Former Rep. Earl Pomeroy of North Dakota told the Washington Post that Paulsen's speech stood out among the prayers and stories told of Giffords, who was shot on Saturday and remains in critical condition.

Paulsen has known Giffords for several years, as the two became friends before either was elected to Congress. The Minnesota Republican met Giffords in China in 2005 during a fellowship program, and they remained close as both made their way to Washington.

“What I remember most about the trip isn’t the series of lectures or the various officials we met but rather the few extra days that Gabby, (husband) Mark (Kelly) and I spent in China to take in the sites and enjoy each others' company,” Paulsen said at Wednesday's service. The prayer service was closed to media, but Paulsen remarks were provided by his office.

In 2007, Giffords and her family invited Paulsen's family to Florida to watch her husband's space shuttle launch. Giffords also took Paulsen on his first congressional trip overseas to Yemen and Kenya.

Paulsen said in an interview that he was shocked when he got the call Saturday from an aide telling him Giffords had been shot. Paulsen, who was in the Rodel Fellowship program with Giffords, said a group of fellows have joined for several conference calls since the shooting to make sure they're all up to date.

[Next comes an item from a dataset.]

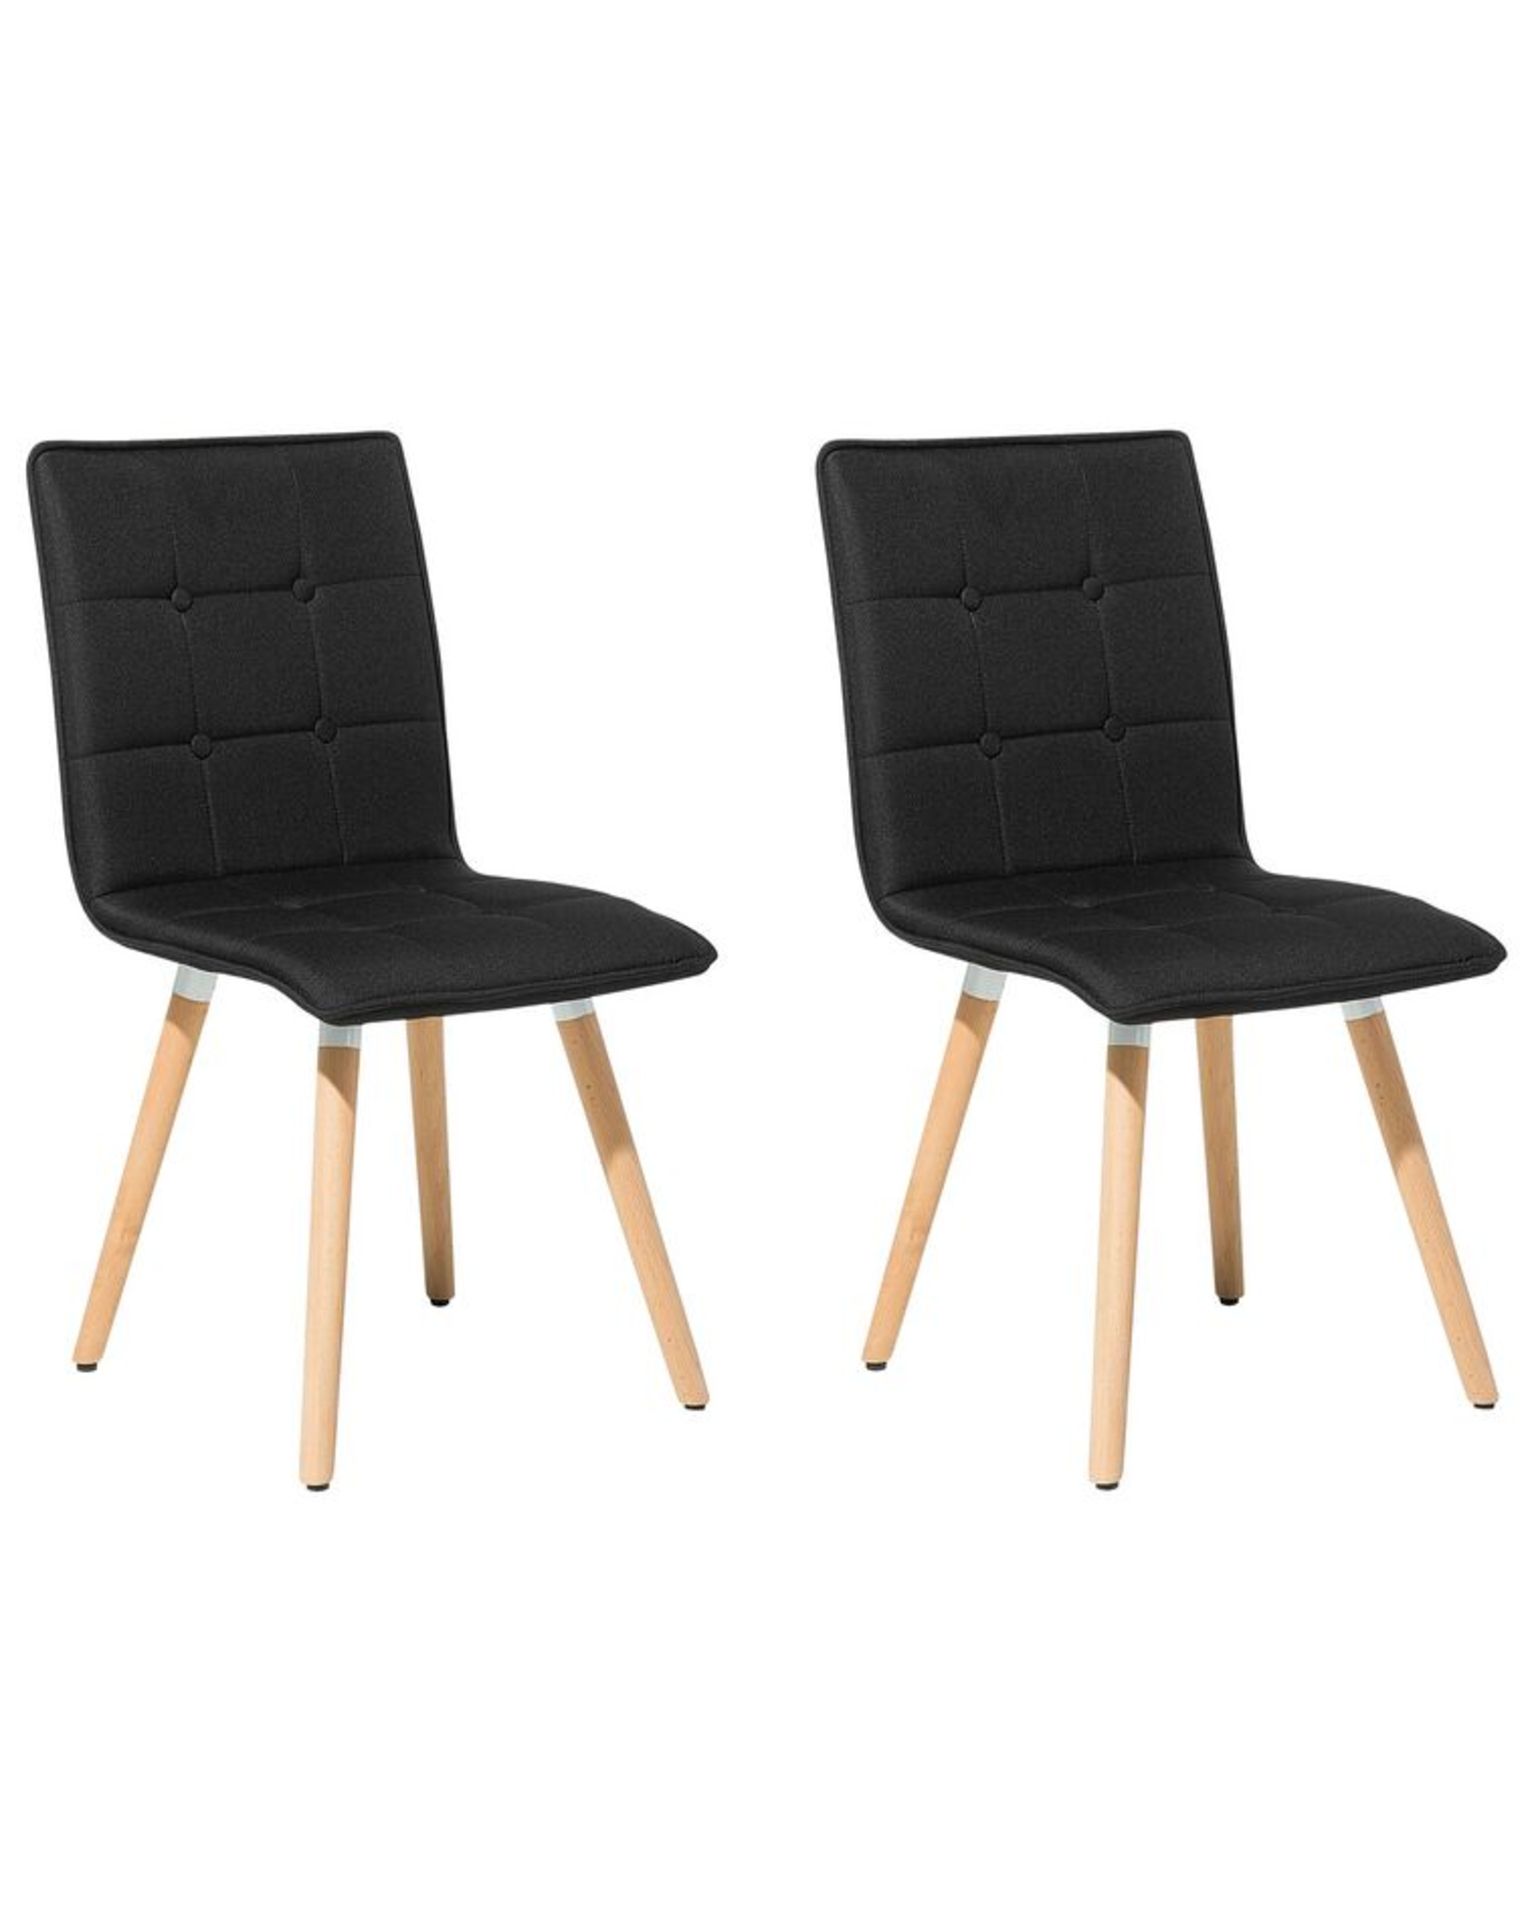 Brooklyn Set of 2 Fabric Dining Chairs Black - R13a.11. RRP £219.99. An incredibly comfortable

“She's always got that smile on her face, and just really embodies what you want to see in an elected official,” Paulsen said in an interview. “No member would tell you any different...She's very Minnesotan in a way.”

At the prayer service, Paulsen said that he had seen Giffords and her family while visiting the Smithsonian Air and Space Museum with his family last Tuesday, just days before the shooting.

“Like Gabby, we too must display courage, no matter how difficult it may be,” Paulsen said at the service. “Our democracy is predicated on the belief that our government should be accessible by the people. We cannot allow ourselves to give in to fear, or shy away from interacting with the public. There is no doubt that’s what Gabby would want us to do.”